Опоздать на двадцать минут или на два часа — велика ли разница?
— Ладно, — говорю, — я помогу вам. Только пойду отпущу машину.
Лицо женщины разглаживается, черты становятся мягче, взгляд светлеет.
Выхожу на улицу. Таксист рвется мне навстречу, кажется, даже машина боком подалась ко мне.
— Что с ней такое? — спрашивает он.
— Паралич.
— Ой, горе, — сокрушается он, — ой несчастье!
— Я остаюсь, — говорю, — отвезу их домой.
Протягиваю ему деньги.
— Когда? — спрашивает он.
— Через час.
— Спрячь свой рубль! — сердится таксист. — Божеское дело делаем, а ты деньги суешь! Слушай, — говорит он, — вместе отвезем их. Через час я подъеду. Ровно через час я буду здесь. Клянусь матерью!
Он оказался клятвопреступником.
На КПП воинской части, в маленький домик, встроенный в кирпичный забор, я вваливаюсь с Зариной на руках. Мы вваливаемся все вместе — мать Зарины, таксист-клятвопреступник и другой, который вез нас обратно, две медсестры и двое на костылях, старик из автобуса, хозяйка белой овечки и сама овечка, чистенькая и покорная. Дежурный долго вертит в руках предъявленную мной повестку, подозрительно смотрит на меня, спрашивает грубовато:
— Вы что, с перепоя?
— Вроде бы нет, — отвечаю. — А вы?
— Вам положено являться в 8.00, — суровеет он.
— Знаю, — говорю, — но обстоятельства выше нас.
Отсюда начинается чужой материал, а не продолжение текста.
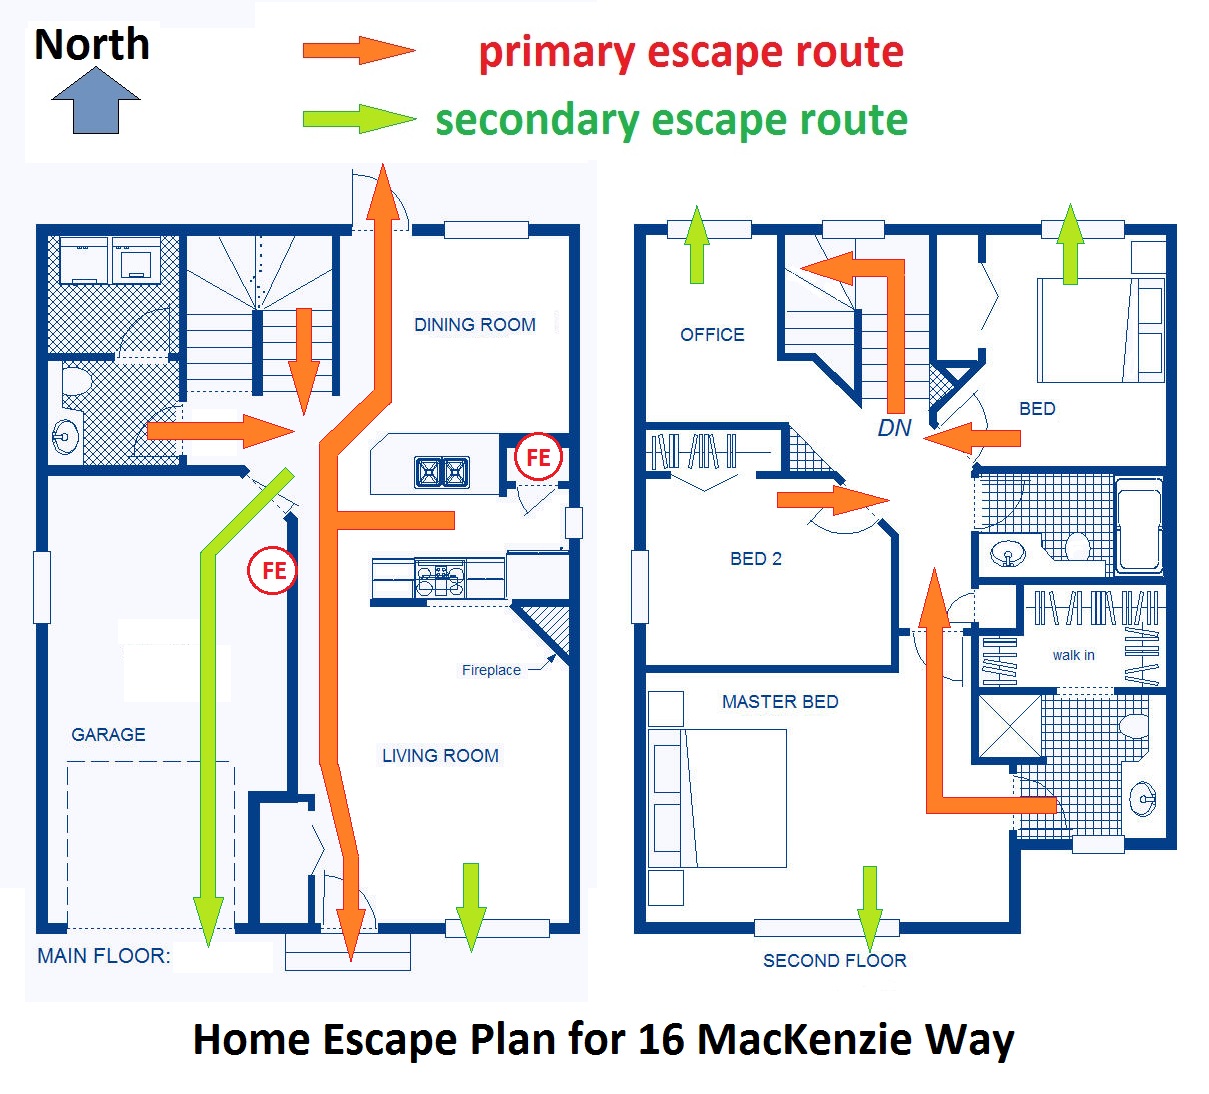 Example Of Fire Evacuation Plan For Home
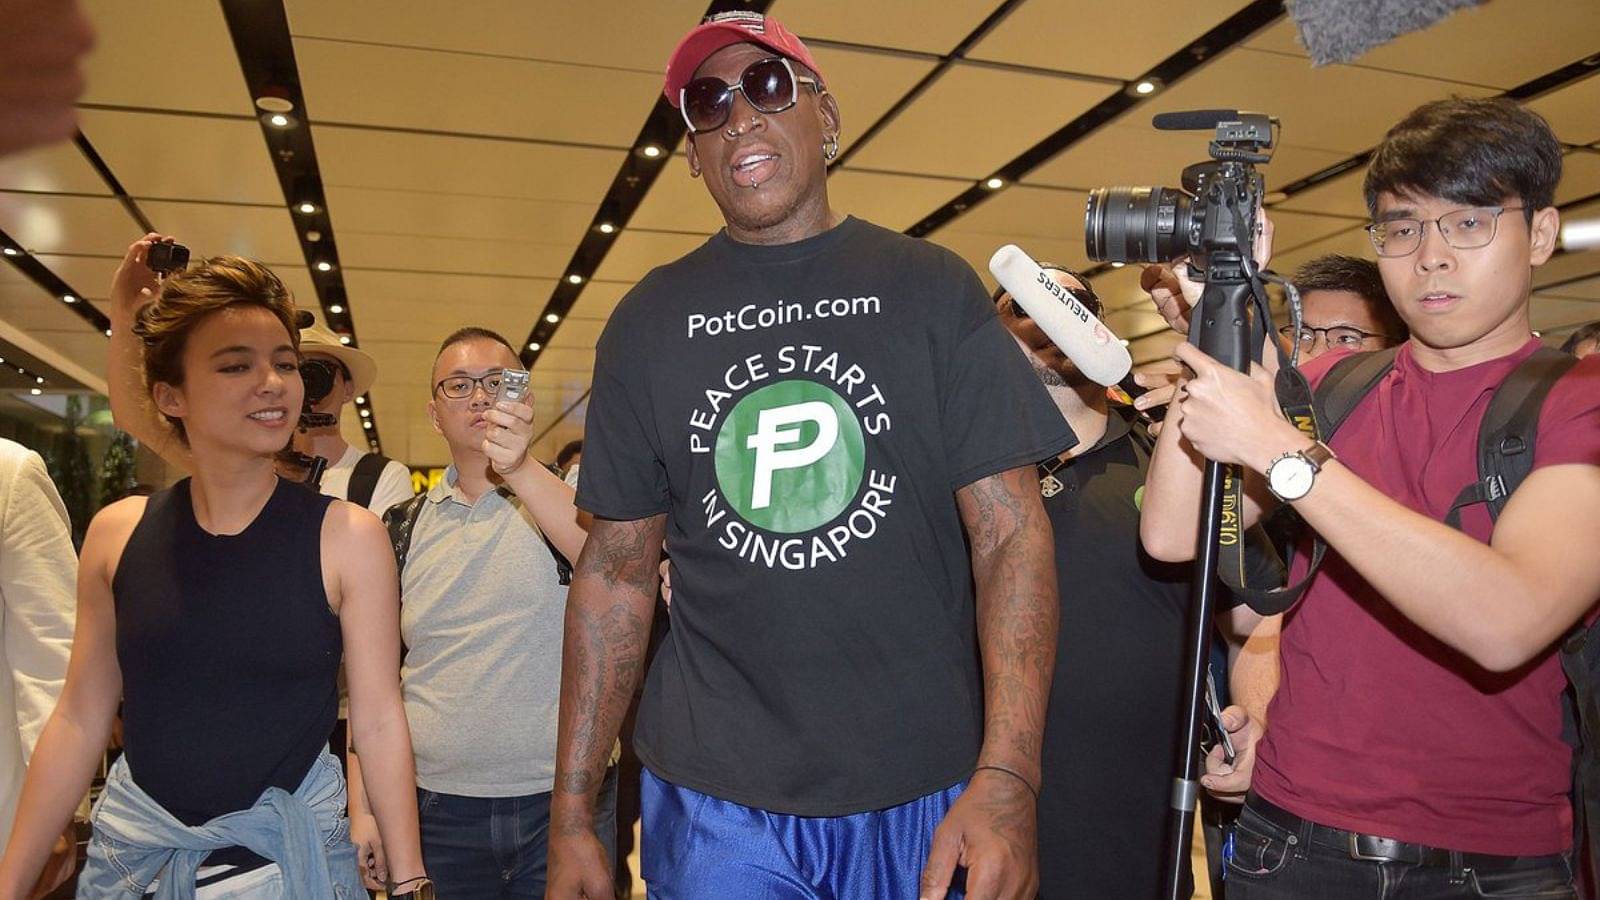 Dennis Rodman Took Help From a $850 Million Industry Based Marijuana Currency ‘Potcoin’ to Fund North Korea Trip

Он нехотя возвращает мне повестку и жестом регулировщика указывает на дверь:
— Проходите.
В глубине просторного двора, у складских помещений стоят мои сопризывники, одетые в ватные бушлаты, ватные брюки и валенки, стоят все шестеро, заиндевелые, толстые, как снежные бабы, и перед ними в ладной своей шинельке, в хромовых сапожках прохаживается младший лейтенант Миклош Комар. Увидев меня, он останавливается и, ухмыляясь насмешливо, следит за моим приближением.
— Ты, часом, не служил в гусарах? — спрашивает. — Откуда у тебя такая старомодная выправка?
Закарпатский венгр, он приобщался к русскому языку через украинский.
— Что за маскарад? — интересуюсь. — Чего нарядились, рекруты?
Мои сопризывники радостно гогочут.
— Отбываем на стрельбища, — сообщает Миклош, — а тебе приказано явиться до полковника. Шагай, — говорит он, — через пять минут придет машина, постарайся обернуться за это время.